The chapter that follows is, to my mind, one of the most successful in the book.  This is partly because it reaches beyond Field's lyric verse to their neglected and in my opinion under-rated verse drama, but also because of Ehnenn's skilful exploration of the dramatists use of performative silences.  Ehnenn compares Field's A Question of Memory (1893) to Elizabeth Robins and Florence Bell's Alan's Wife (1893)These plays were both considered 'failures' in performance, which Ehnenn argues convincingly is directly related to the way in which they offer protagonists (and authors) whose refusal to speak--refusal to perform--confounded audience expectations of what was possible for the dramatic medium.  In Alan's Wife, Jean refuses to speak about, to explain or repent, the killing of her child; in A Question of Memory Ferencz refuses to tell his captors the position of his regiment, though they kill his mother and sister for it.  Ehnenn comments that these silences are not passive, but are in themselves performative events, speech acts of refusal, that problematize and feminize (in Ferencz's case) the nature of heroism, and open up an alternative nonnarrative mode of expression that embraces multiple interpretations, and is contrary to the Victorian stage's stable world of narrative exposition.  In this way, Ehnenn reads these plays as avant garde experiments, foreshadowing the work of twentieth-century dramatists like Beckett.

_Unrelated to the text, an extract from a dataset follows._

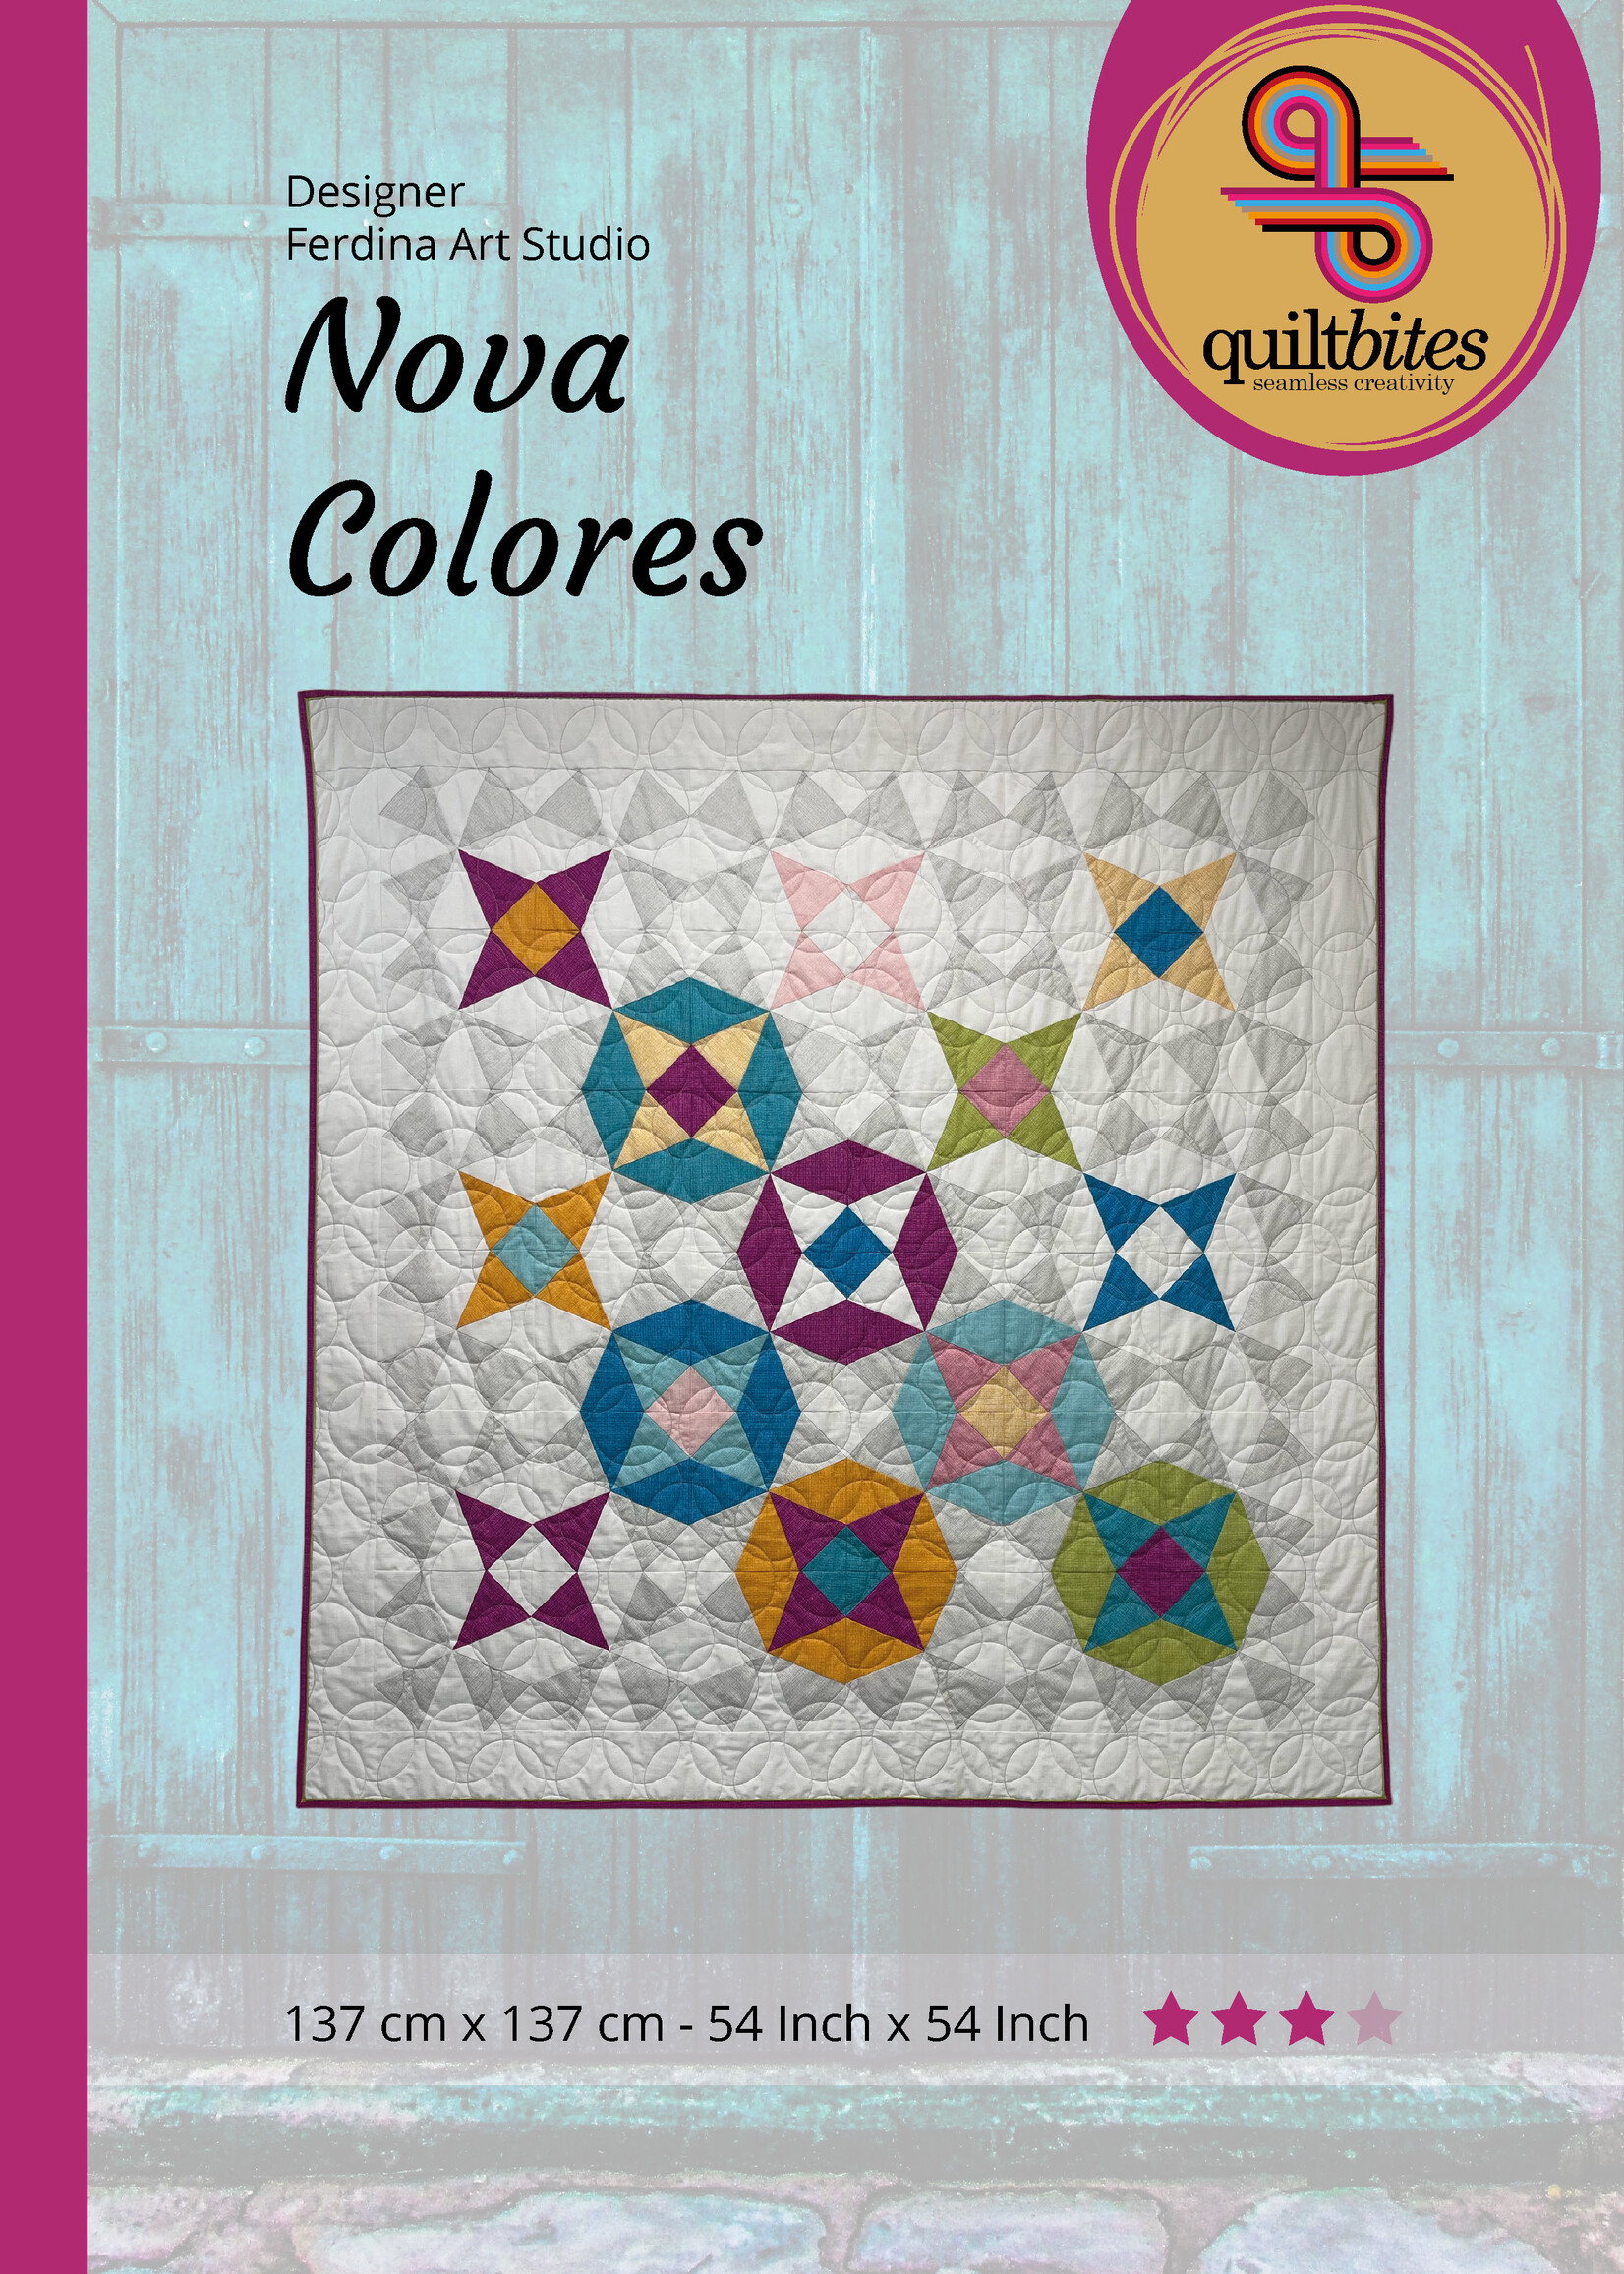 QuiltBites Nova Colores pattern

Finally, Ehnenn considers Michael Field's use of history in their play on the life of Mary, Queen of Scots. The Tragic Mary (1890) is contrasted to Edith Somerville and Violet Martin's novel on the life of Charlotte Mullen, The Real Charlotte (1893)As Yopie Prins has also noted in regard to Long Ago, by appropriating an historical woman, Michael Field double their already doubled voice, performing and complicating the effects of multiple authorship.3  As in previous chapters, Ehnenn's purpose here is to call attention to the way in which these texts take issue with Victorian ideologies surrounding femininity, reconstructing in their place multi-faceted and often erotically-charged models of heroic womanhood.  Like the collaborative partnerships that produced them, Mary and Charlotte are palimpsests--there are no single visions, no seamlessly 'good' or 'bad' characters, but rather the characters provide a nexus for the layering of multiple historical and literary depictions.  In drawing together these characters with their collaborative authors, Ehnenn concludes that we should try and think about collaboration itself more queerly, less under the terms of an Authorship whose definition itself excludes such partnerships.     

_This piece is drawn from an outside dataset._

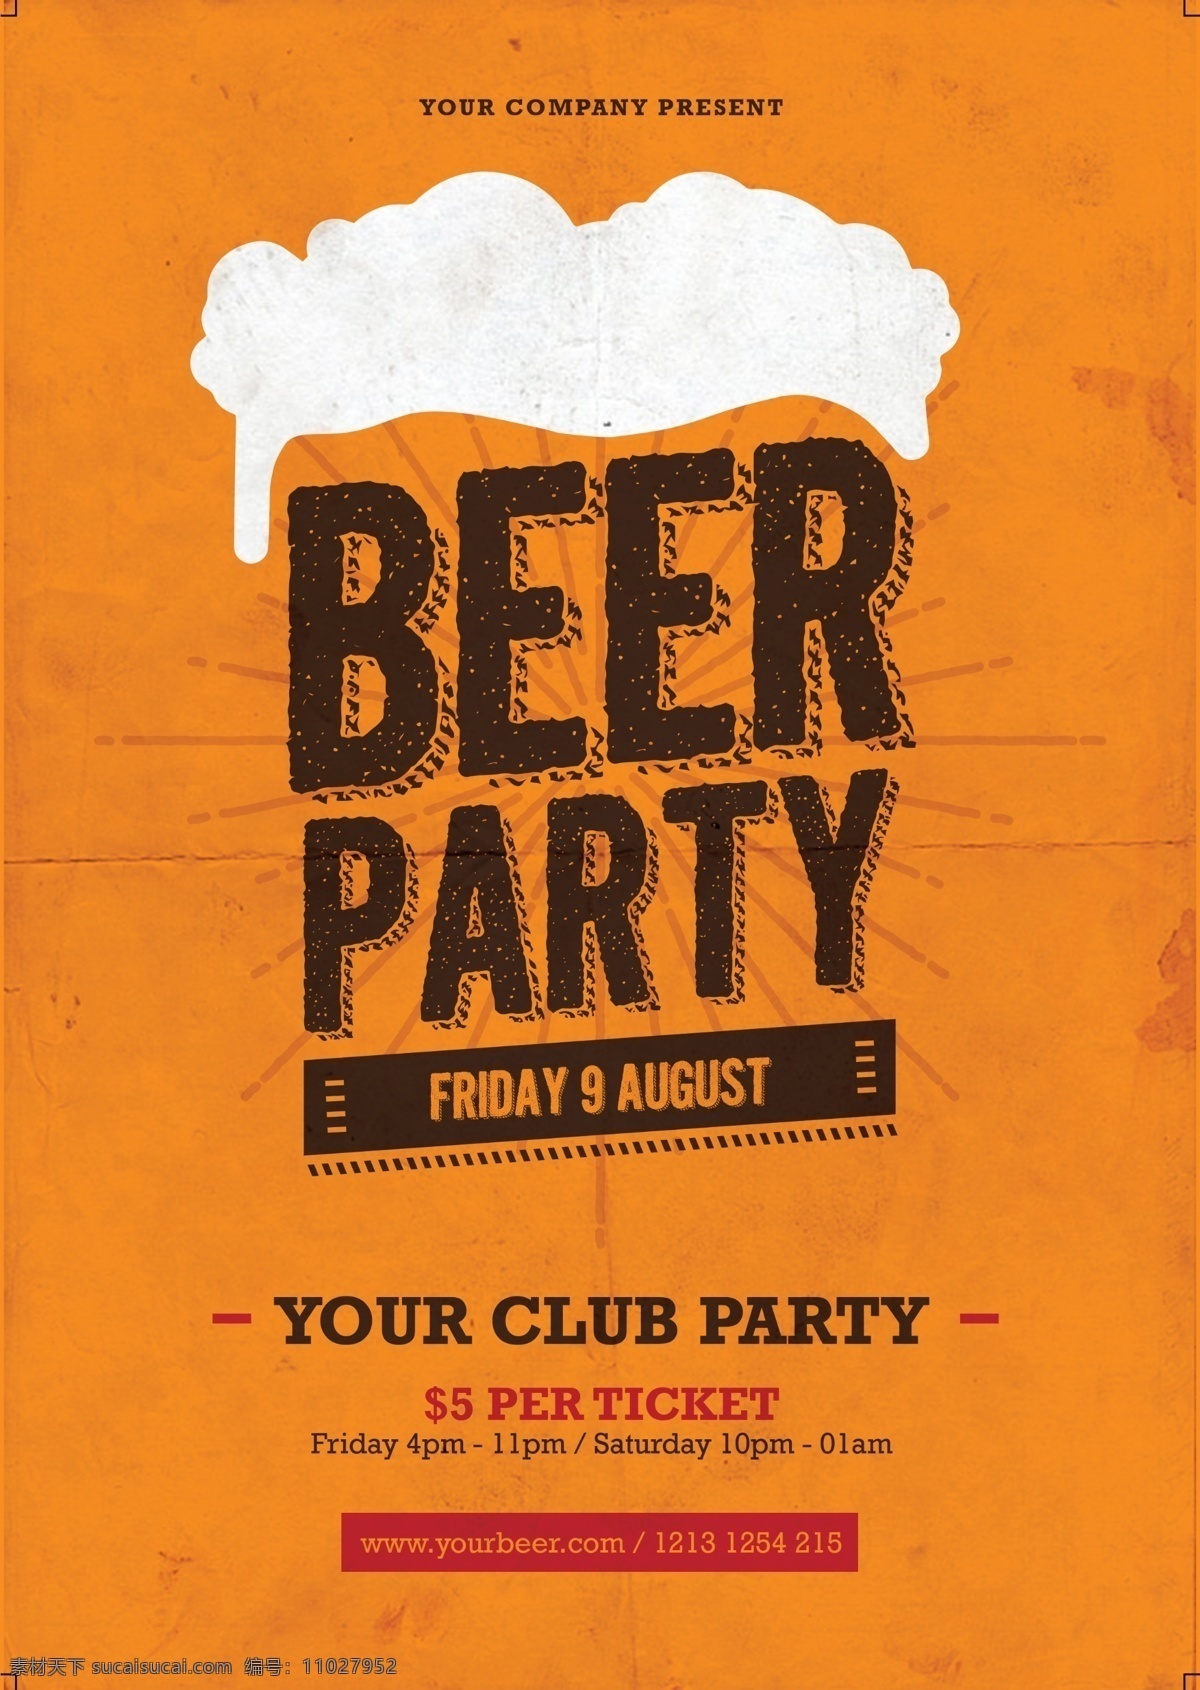 啤酒节 啤酒 派对 宣传海报 海报 活动海报 派对宣传海报 啤酒派对 啤酒节海报

In writing this book, Ehnenn set herself a difficult task. There is already an impressive body of critical literature associating Michael Field's transgressive collaborative practices with transgressive lesbian textuality, particularly with regard to lyric poetry such as Sight and Song.  In the early chapters of the book, I did wonder if Ehnenn could successfully distinguish her work from these other excellent critiques of Field's lyric poetry.  As the book progressed, and particularly as she left ‘the beaten track,’ it became clear that Ehnenn did have an important contribution to make to Michael Field studies, and that there were important thematic similarities between the work of Michael Field and other female literary collaborators.   While Ehnenn takes as her subject women's literary collaboration, she maintains a nice balance between the constructions of literary partnership and textual analysis of the works they produce.   More than that, she reads these collaborative structures alongside the textual strategies that the writers use in their texts to denaturalize or queer conventional understandings of women and of heterosexuality. 

Sharon Bickle
Monash University

1 Jill Ehnenn, "Looking Strategically: Feminist and Queer Aesthetics in Michael Field's Sight and Song" in Victorian Poetry 42.3 (Fall 2004): 213–47.
2 Ana I. Parejo Vadillo,  "Sight and Song: Transparent Translations and a Manifesto for the Observer," Victorian Poetry 38.1 (2000): 15–34;  Hilary Fraser,  "A Visual Field: Michael Field and the Gaze," Victorian Literature and Culture 34 (2006): 553–71.
3 See Yopie Prins, Victorian Sappho (Princeton: Princeton UP, 1999).